Fella vs Brick

Tap in, tap out.
Fella skips the object.

Brick locks and unlocks your apps with a tap against a $59 physical device you have to carry, place, and remember. Fella does it in software, with one 5-minute unlock a day and nothing to buy or lose.

Brick's idea is genuinely clever: a small NFC puck you tap your phone against to lock your selected apps, and tap again to unlock them. Its real strength is physical separation, put the Brick in a drawer or your car, and the friction of retrieving it becomes your barrier. It's a one-time $59 purchase with no subscription, which is a fair trade for a lot of people.

The tradeoff is that the barrier is exactly as strong as your willingness to keep the object away from yourself. Tapping back in takes the same one second as tapping out, and the device has to be charged, findable, and physically with you or wherever you left it, to matter at all. Fella's block lives entirely in software, on the phone itself, with one 5-minute emergency unlock a day instead of a tap you can do anytime you're near the puck.

At a glance Fella Brick
Hardware required None $59 physical NFC device
Unlock method One 5-minute daily window Tap phone to device, anytime
Setup Pick apps in the app Buy, ship, pair a physical object

Why people switch to Fella

Nothing to buy, ship, charge, or lose. Brick's device is well-built, but it's still one more object to keep track of, and losing it or leaving it behind means losing your blocking method too.

Unlocking isn't a tap away, wherever you happen to be.
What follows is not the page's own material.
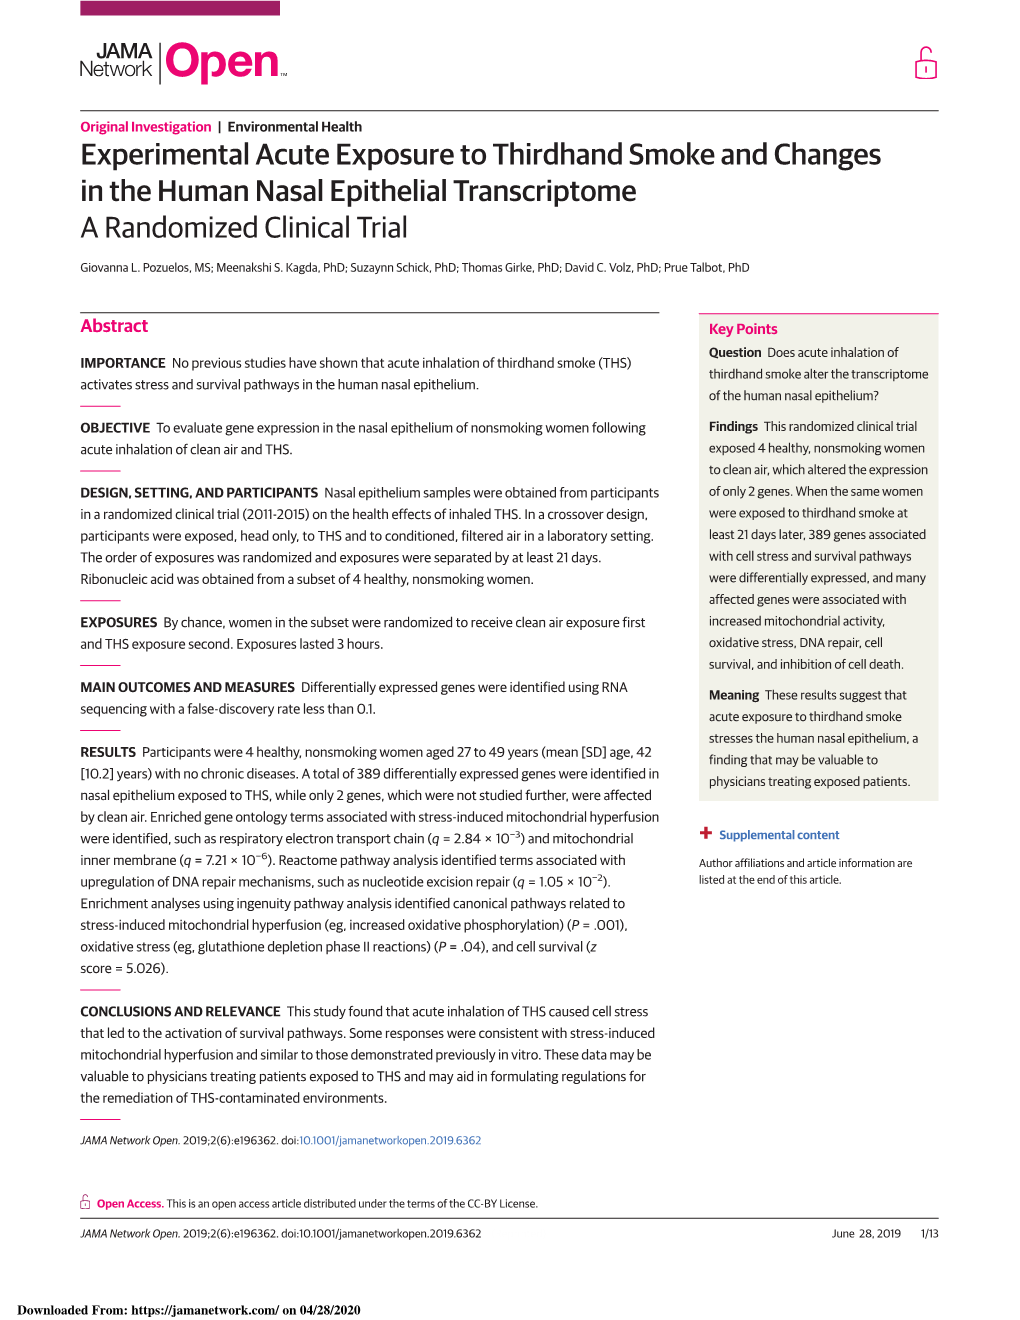 Experimental Acute Exposure to Thirdhand Smoke and Changes in the Human Nasal Epithelial Transcriptome a Randomized Clinical Trial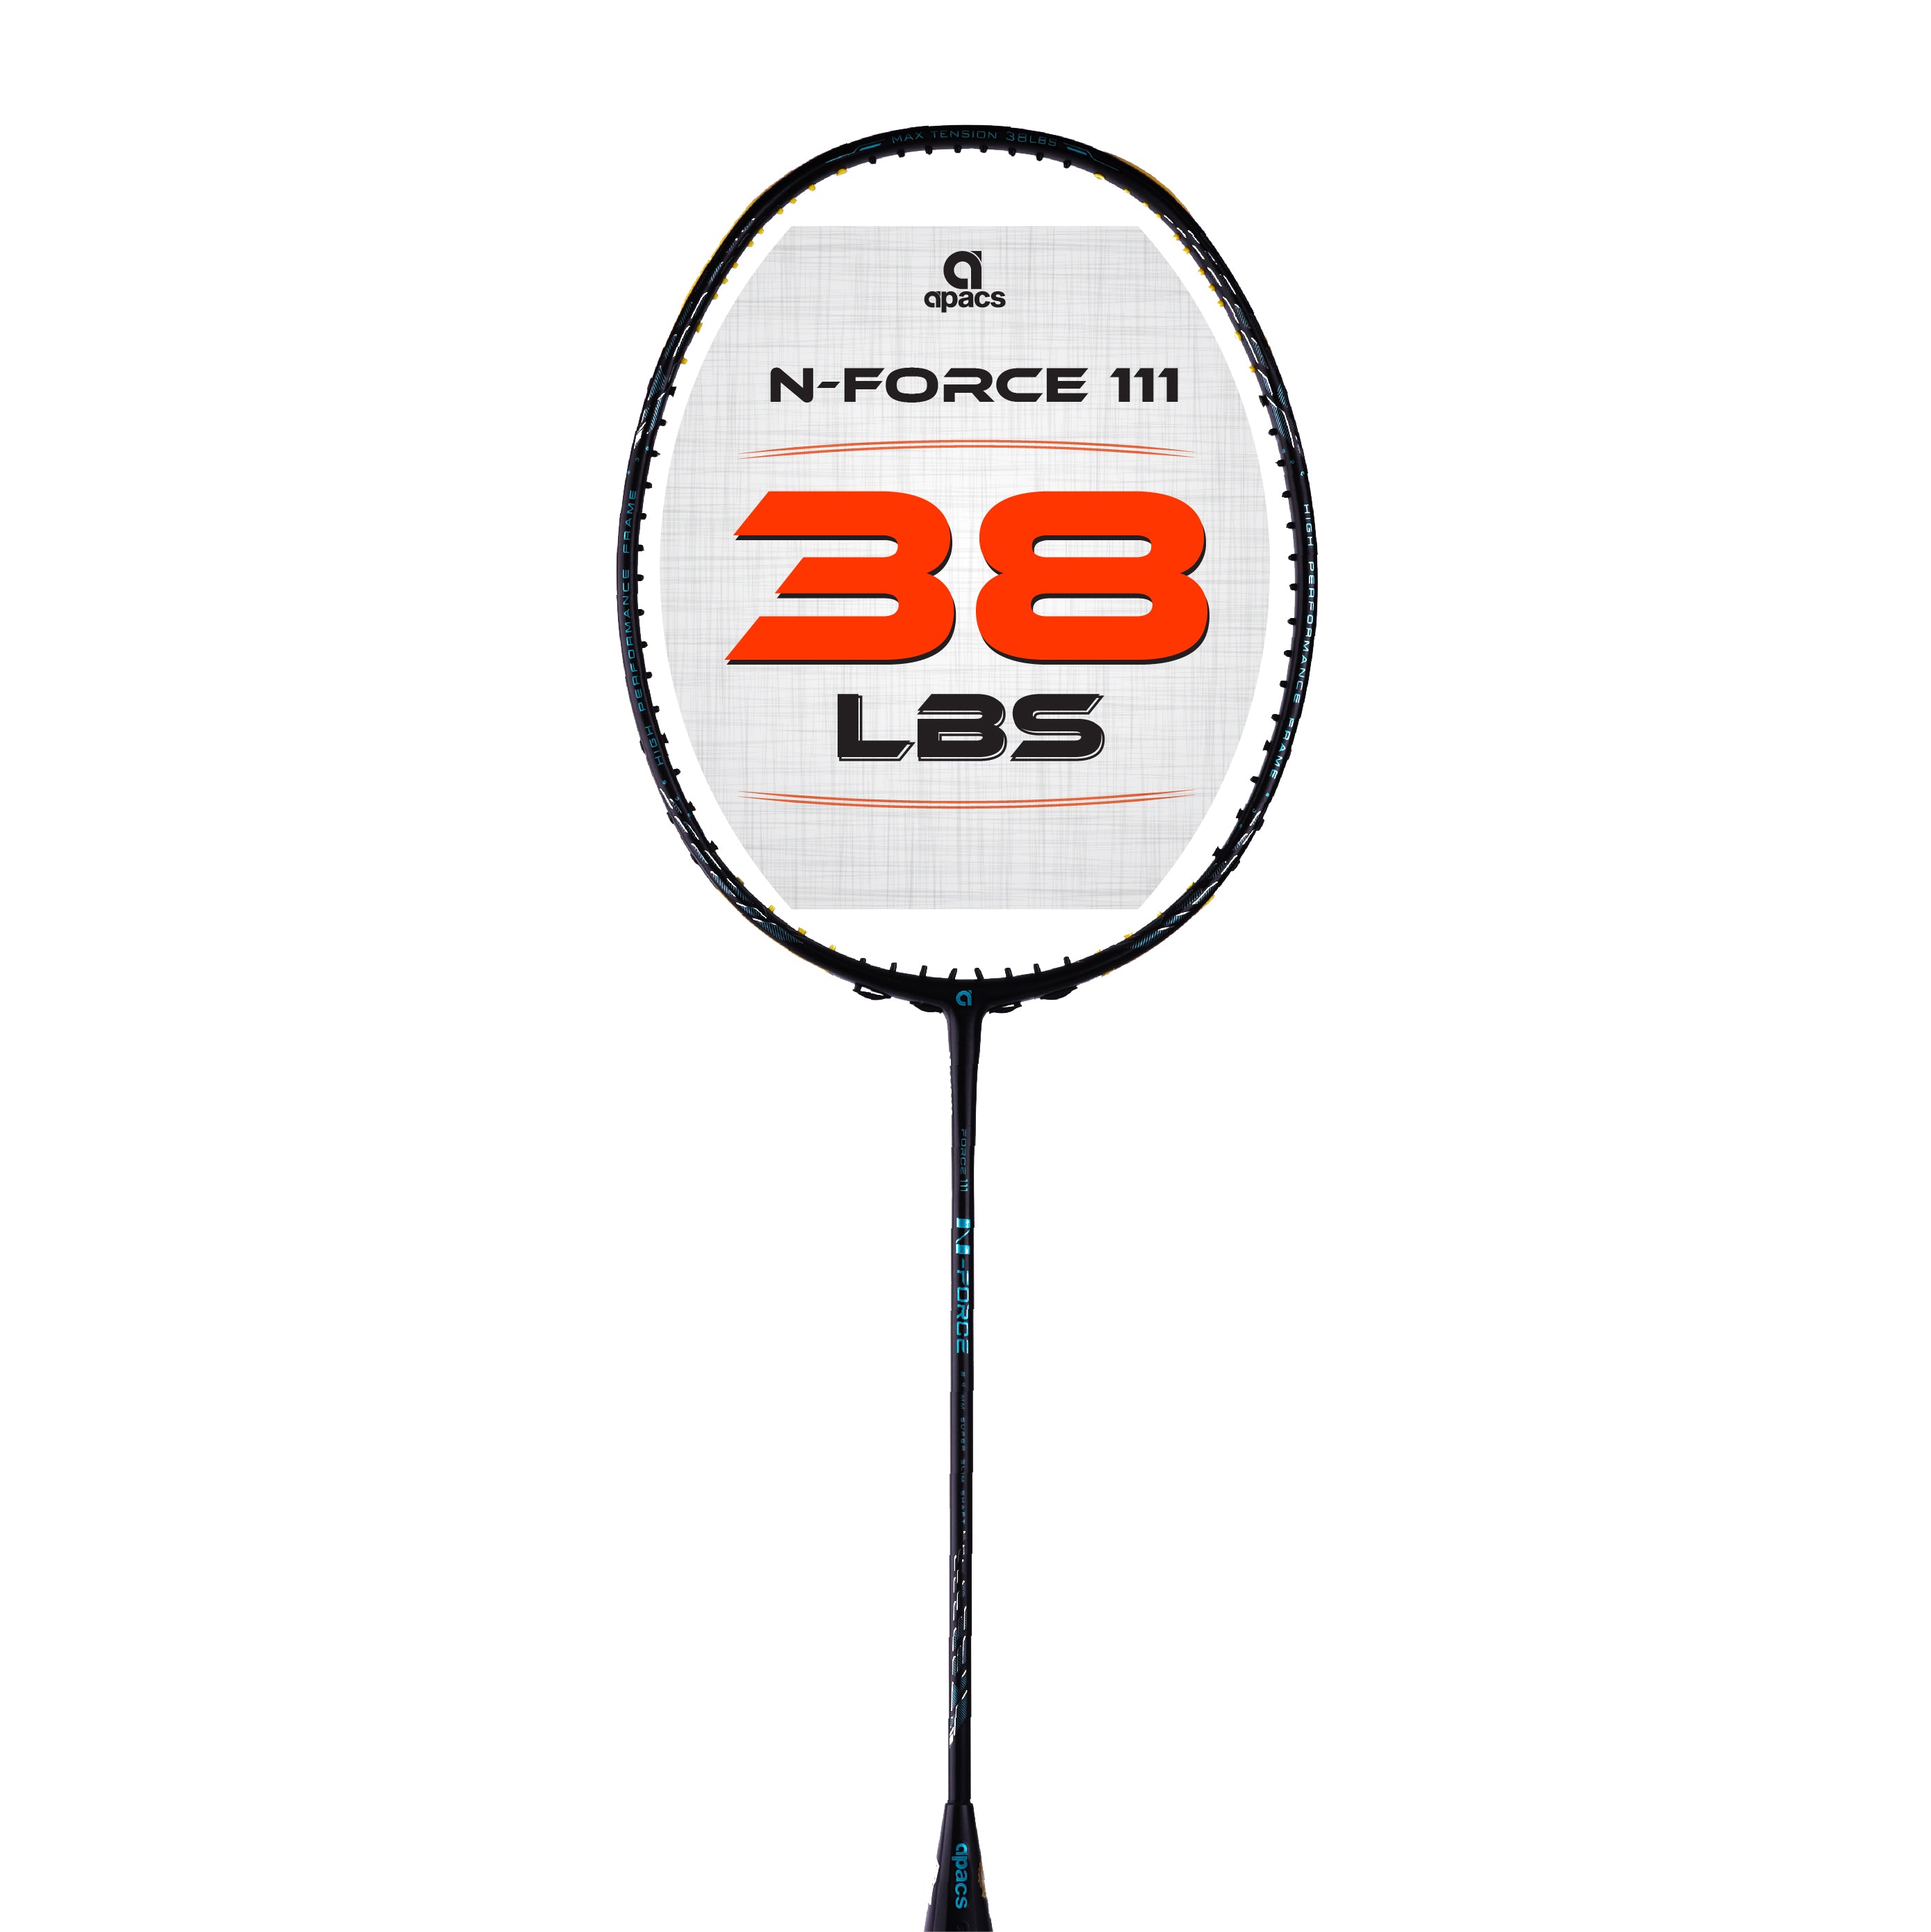 Apacs N-Force 111 - Pro-Grade Badminton Racquets with Full Cover

Brick's tap-to-unlock is exactly as available as the device is, which for most people is closer than a drawer across the room. Fella's one 5-minute unlock is the only exception, on a fixed daily schedule, not on demand.

No subscription either way, but no hardware dependency. Brick's one-time cost is appealing, but the product only works as long as the device does. Fella is software you already have access to the moment you set it up.